Patents of Note is a regular series of articles touching on patents that are of interest to the general public.

Recently, a research team from the University of Illinois announced a major breakthrough in the field of crop science. Their research, published in the well-respected academic journal 'Science', detailed their efforts to fix a problem that has bedevilled many crop plants (including such staples as wheat, rice and soybeans) since they were first bred and cultivated by man.

The problem starts with photosynthesis, which occurs in small subcomponents of plant cells known as chloroplasts. Photosynthesis takes in carbon dioxide and water from the environment and uses light to combine the molecules into simple sugars. In the process, the plant gives off the oxygen that we all need to breathe and makes the food that we all eventually eat (some in the form of meat from animals which eat plants).

In some cases, however, this process can go wrong.
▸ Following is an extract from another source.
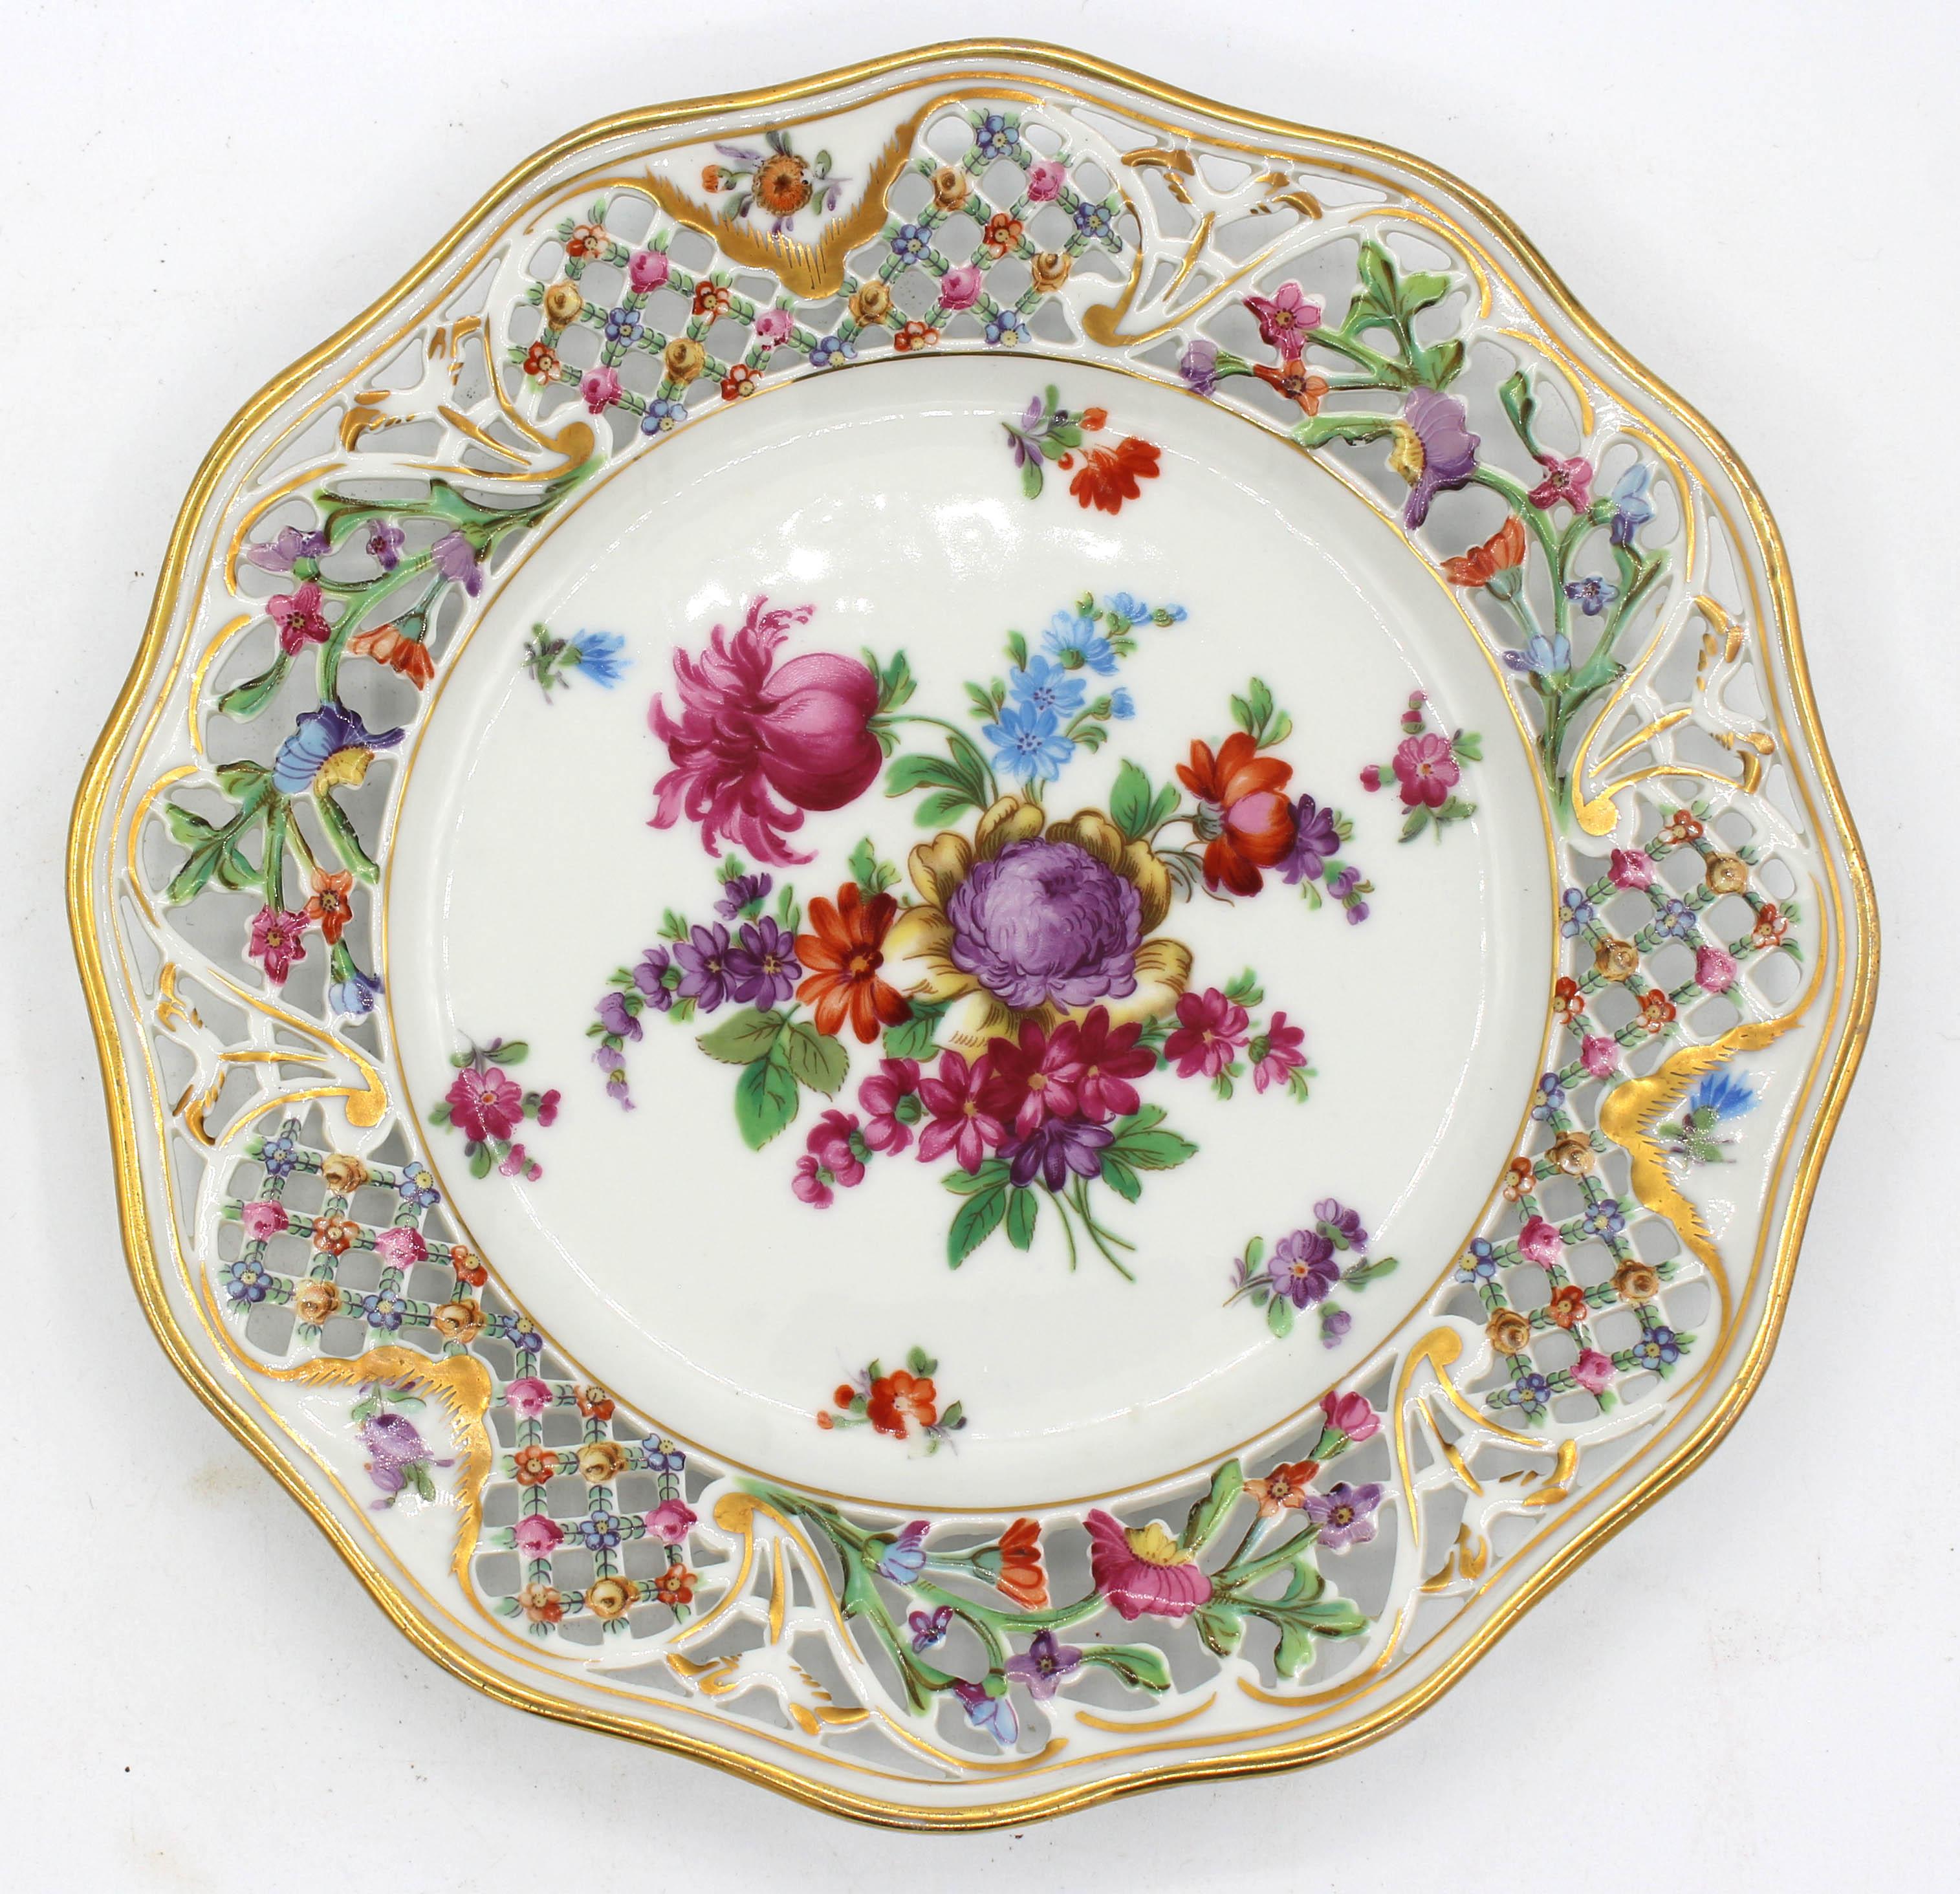 1932-1944 Set of 8 Dessert Plates by Schumann, Dresden & Bavaria periods For Sale 1

Specifically, the enzyme complex which performs one of the prime steps of photosynthesis (which is charmingly acronymed as RuBisCO) will occasionally take in oxygen instead of carbon dioxide. This phenomenon, known as photorespiration, effectively reverses the photosynthetic process – using up energy that could be capturing carbon dioxide and creating sugars. RuBisCO does this about 25% of the time under normal conditions, but gets progressively less selective with increasing temperatures and lower carbon dioxide-to-oxygen ratios.

There is still some scholarly debate as to the function, if any, of this low selectivity. Photorespiration has, for instance, been suggested to be advantageous in conditions where soil nitrates are limited. Regardless, in the context of the farmer's field, some of the most important crop plants known to man effectively spin their wheels when they could instead be doing useful photosynthetic work. In a warming world facing increasing shortages of arable land, it is no stretch to say that photorespiration is now a major limiting factor in food production.

What the researchers did to solve things involved editing a plant of the type that suffers inordinately from this problem with new genes designed to redirect the enzymatic pathways of photosynthesis away from photorespiration and towards productive use of RuBisCO. This yielded an astounding 40% increase in biomass production under ideal conditions, and may well be the key to unlocking similar increases in productivity in the field.

This brings us to the subject of this article: PCT patent application WO 2018/165259. This patent application, along with a corresponding US complete patent application, stems from a founding US provisional patent application filed in March 2017. The applicant (in this case the US government, as represented by the Secretary of Agriculture) also filed a corresponding plant patent in the US, which is a peculiarity of that system that merits further discussion at some other point. The PCT application, like all PCT applications, will not result directly in a patent. Instead, it is going through a non-binding examination over the course of 18 months before ending up in so-called national-phase applications in the various countries and jurisdictions of the world. This invention accordingly has a long way to go before the applicant sees any protectible rights.

One may object at this point that such a momentous discovery should not be limited to benefiting a single party, even (or perhaps especially) if that party is an arm of the government of the largest economy in the world. This is a worthy discussion, and raises the subject of compulsory licences and similar measures whose existence in national legislation is probably not as widely known as it could be. However; in this case such a discussion is almost superfluous in the face of the long timelines that Genetically Modified Organisms (which is what any resulting plants having these genes would be) face in getting to the farm.

As it stands, current GMO legislation in South Africa (which is considered liberal by world standards) means that any GMO crop will effectively need to spend years in field trials before it can be sold. The result, so far, has been a scant trickle of new GMO crops getting registered each year. Nearly all of the recent registrations are for maize, cotton or soybean with 'stacked' traits – simple remixes which combine well-known genes dating back to the 1990s. These genes, in turn, are almost universally for insect resistance or herbicide tolerance, rather than increased yield. This is to some extent the intended result of a conservatively-designed system – to intentionally slow progress to a trickle rather than take the risk of producing new weeds.

Repeat this process across every country or jurisdiction of the world, and the result is that the US government would have at most a scant few years of patent protection available before its ground-breaking technology goes into the public domain. The most likely outcome of this patent story, then, is that well-intentioned and conservative-minded legislation will delay a desperately-needed revolution in food security for years to come.